Collected data |
%%

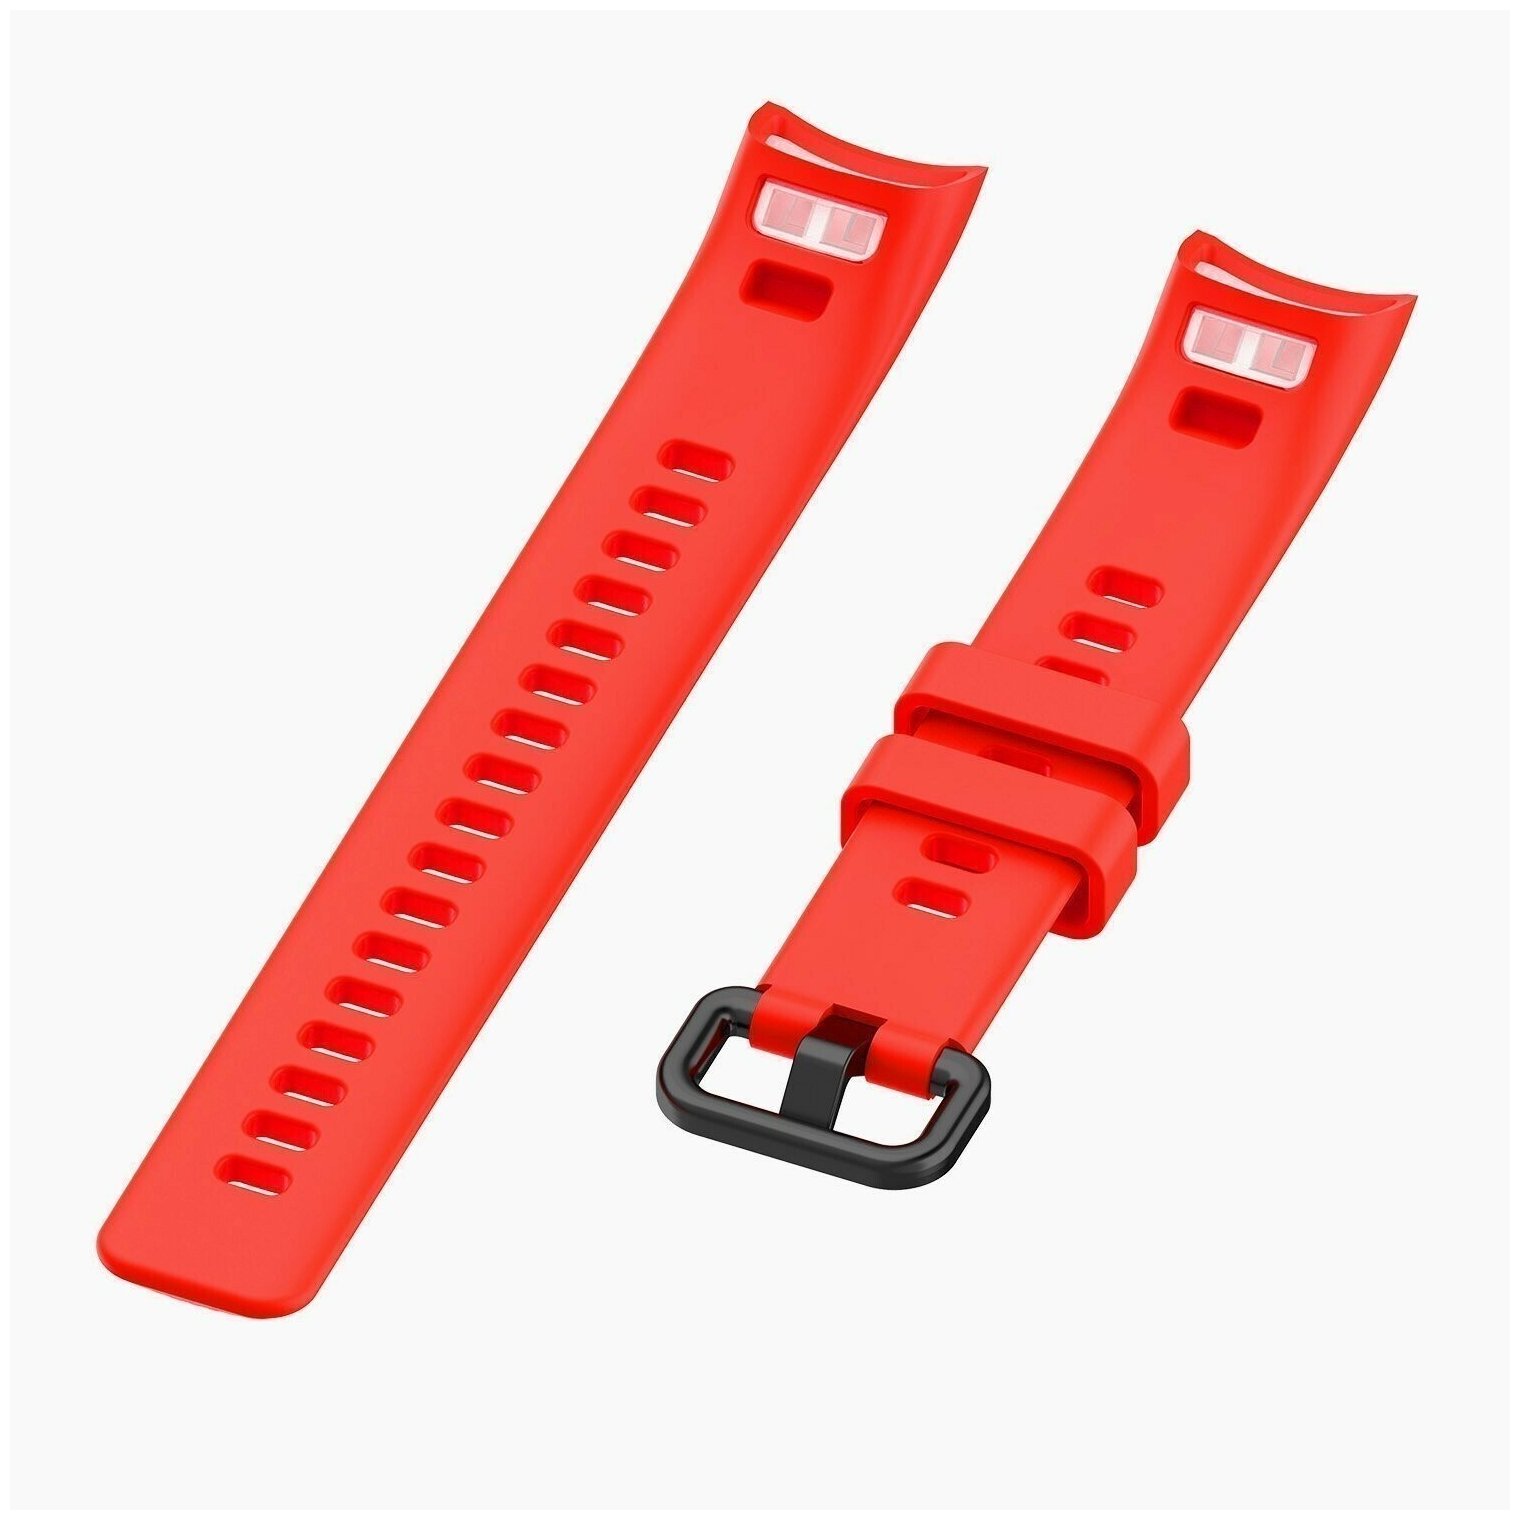 Силиконовый ремешок для Honor Band 4 / 5 / Сменный браслет для умныхарт часов / фитнес трекера Хонор 4 / 5 Красный
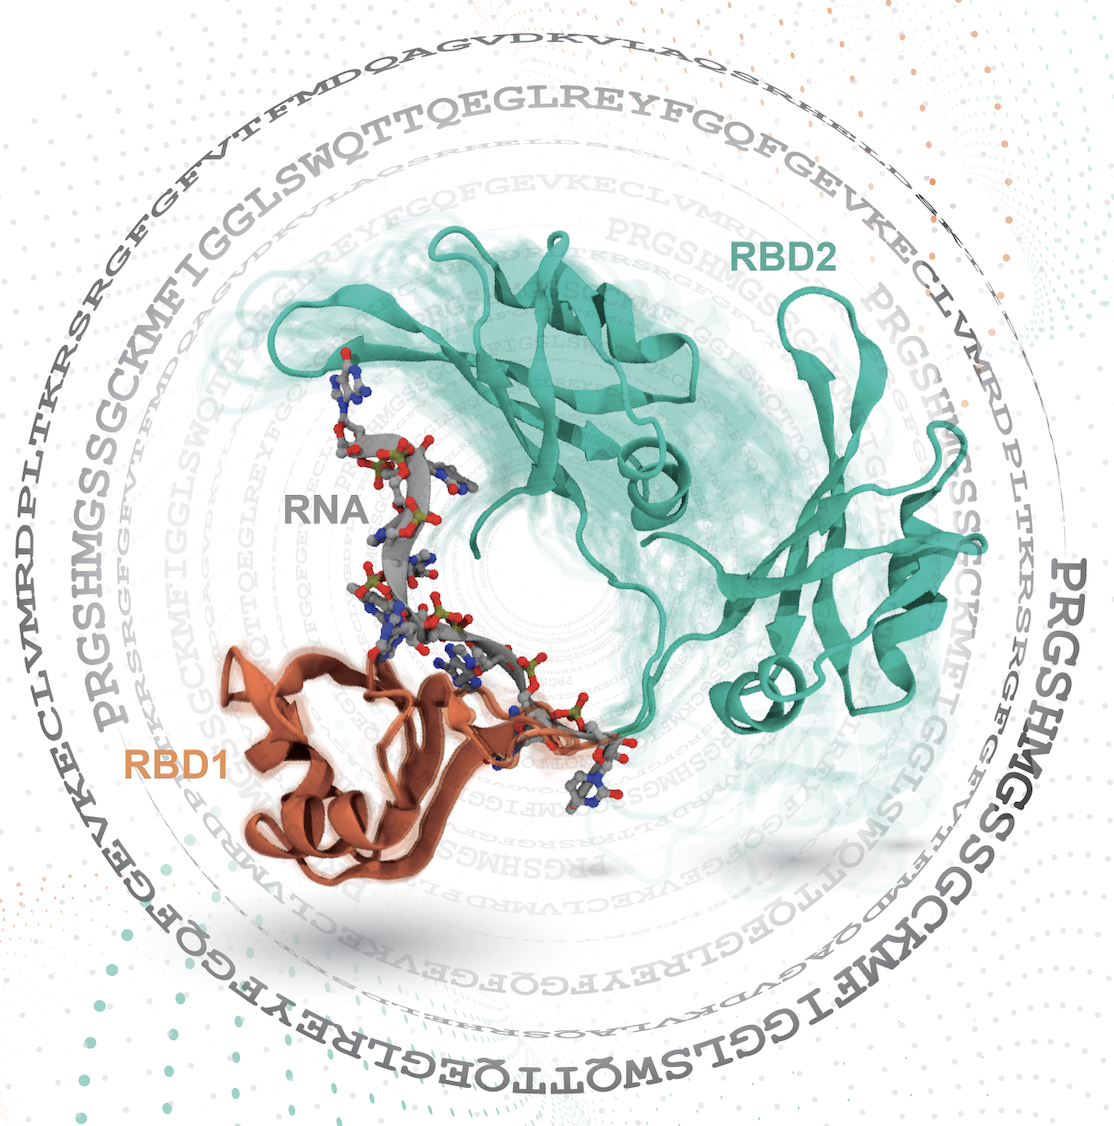 タンパク質と核酸が大きく構造を揺らがせて結合し、複合体を形成するプロセス
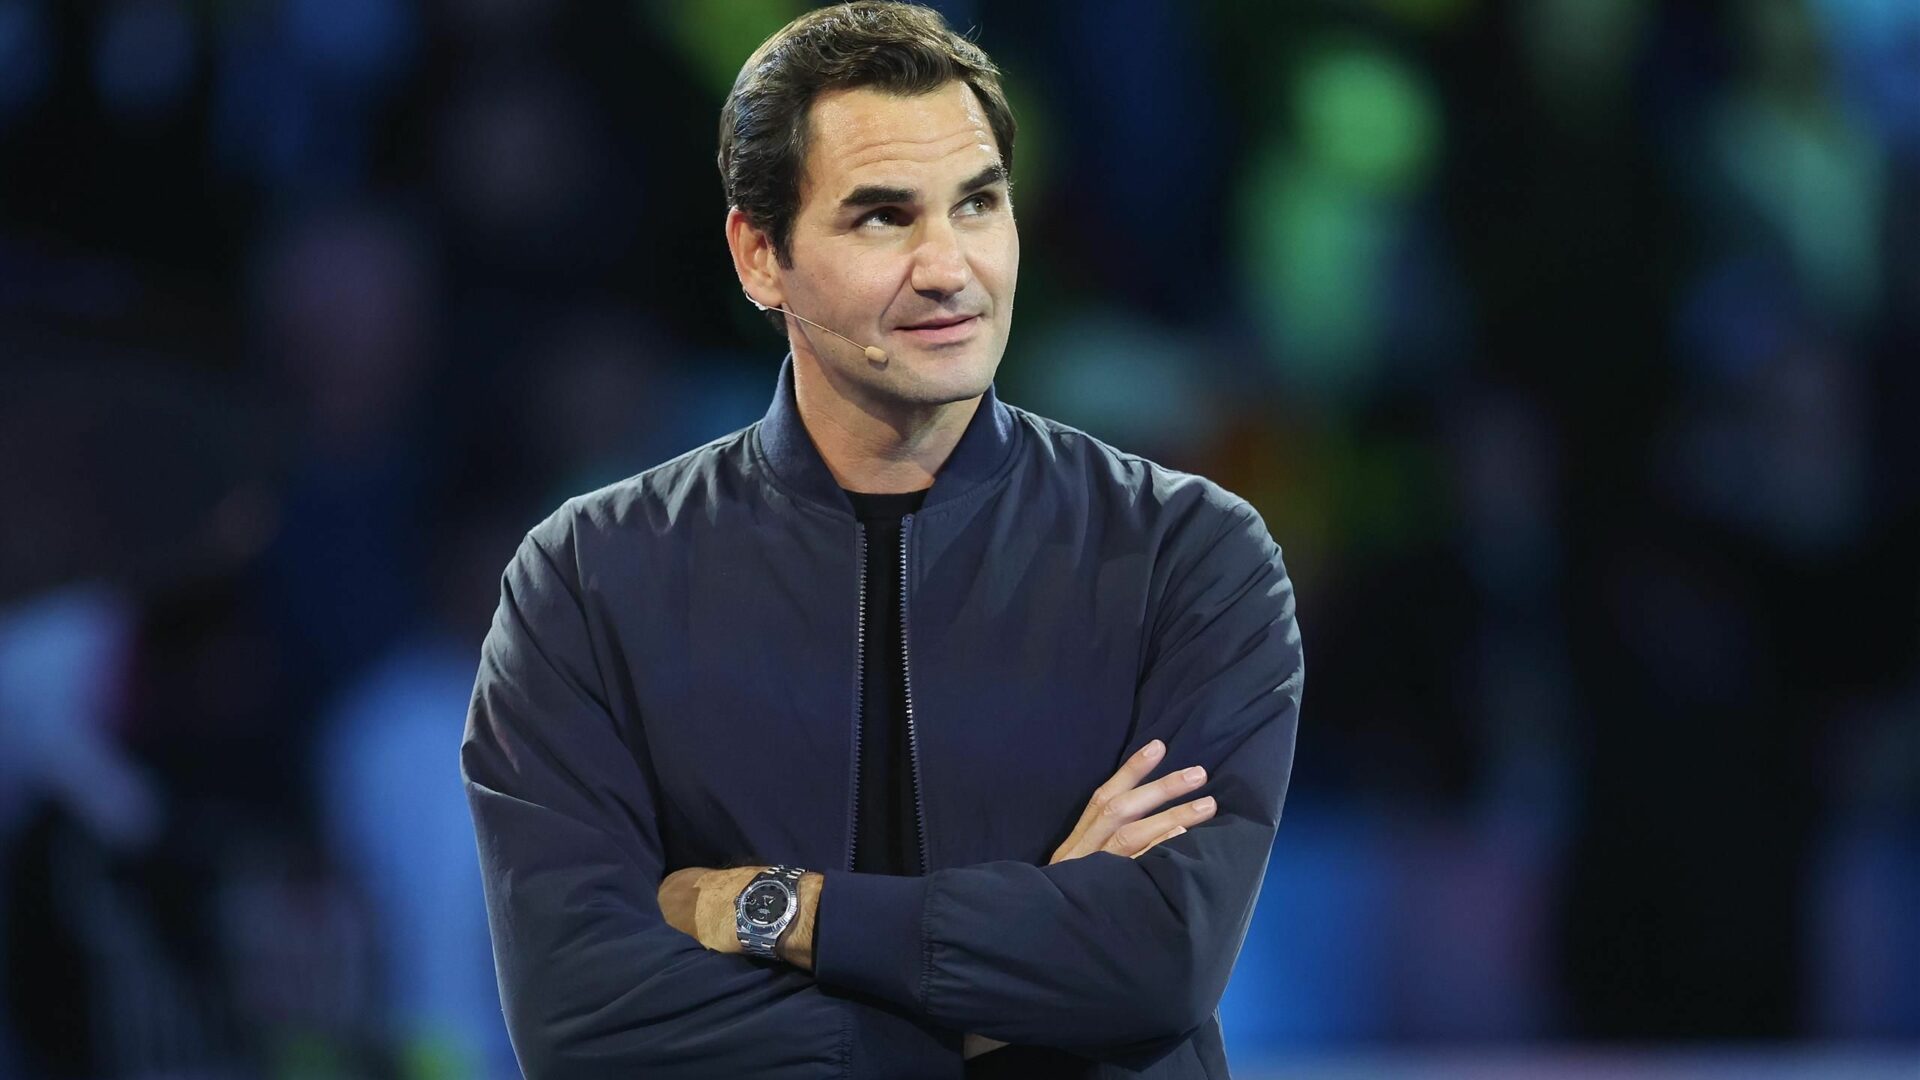 Les baskets de Federer font polémique en Suisse
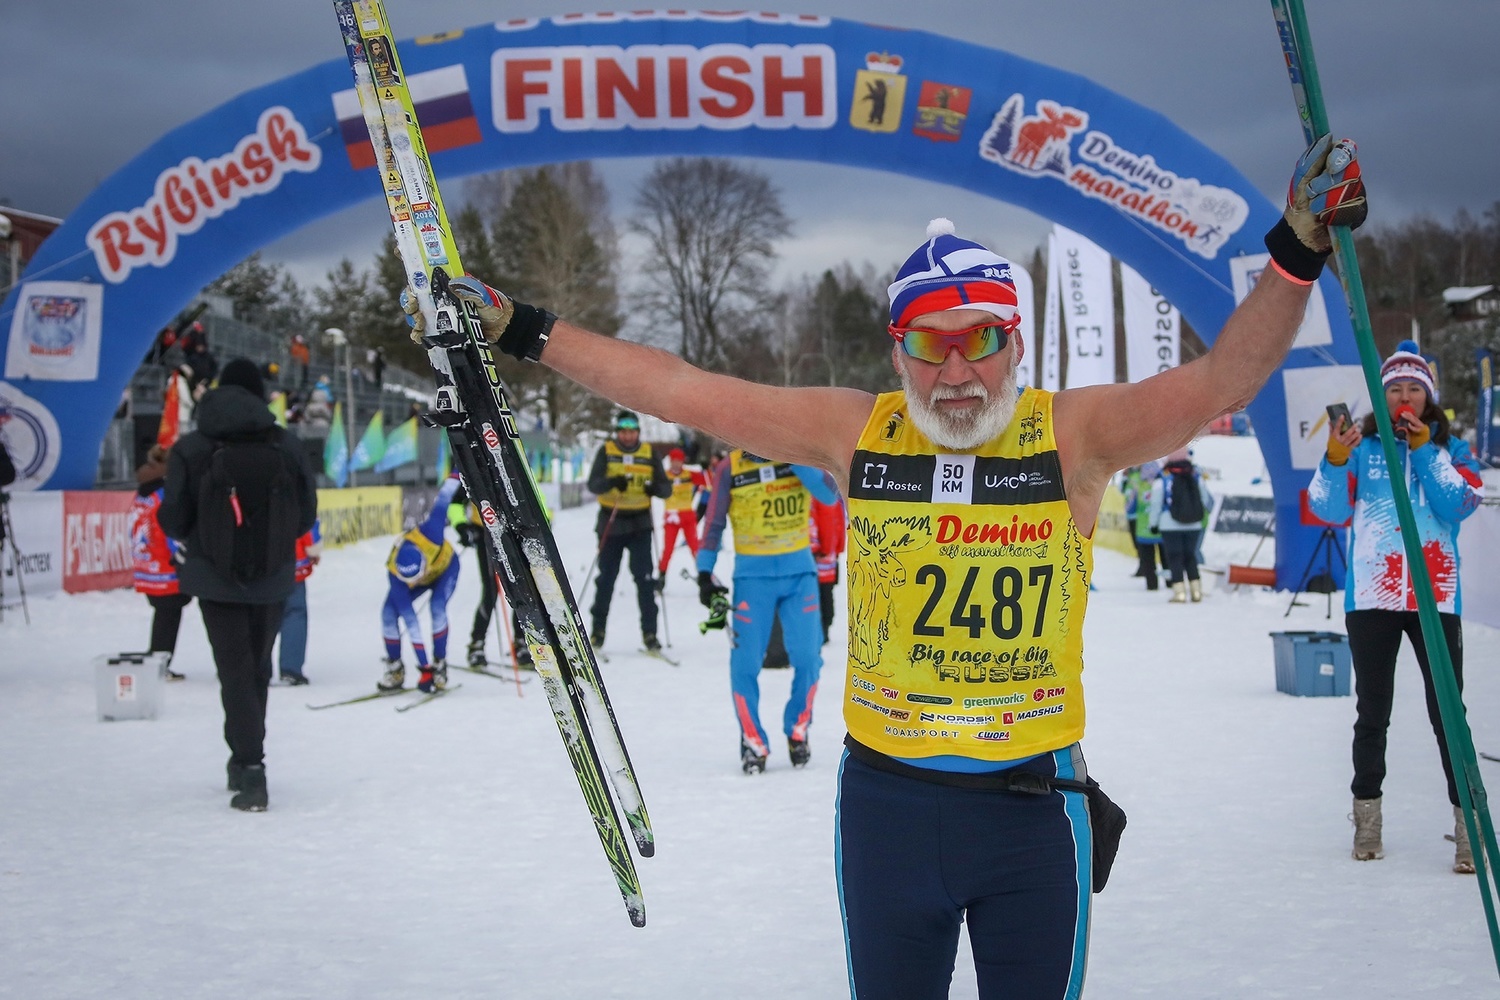 Deminsk ski marathon

%%

Assigned task | Every line from the one containing "タンパク質と核酸が大きく構造を揺らがせて結合し、複合体を形成するプロセス" through the end of the listing is to be copied exactly; the pictures are not.

The answer |
 タンパク質と核酸が大きく構造を揺らがせて結合し、複合体を形成するプロセス
 Les baskets de Federer font polémique en Suisse
 Deminsk ski marathon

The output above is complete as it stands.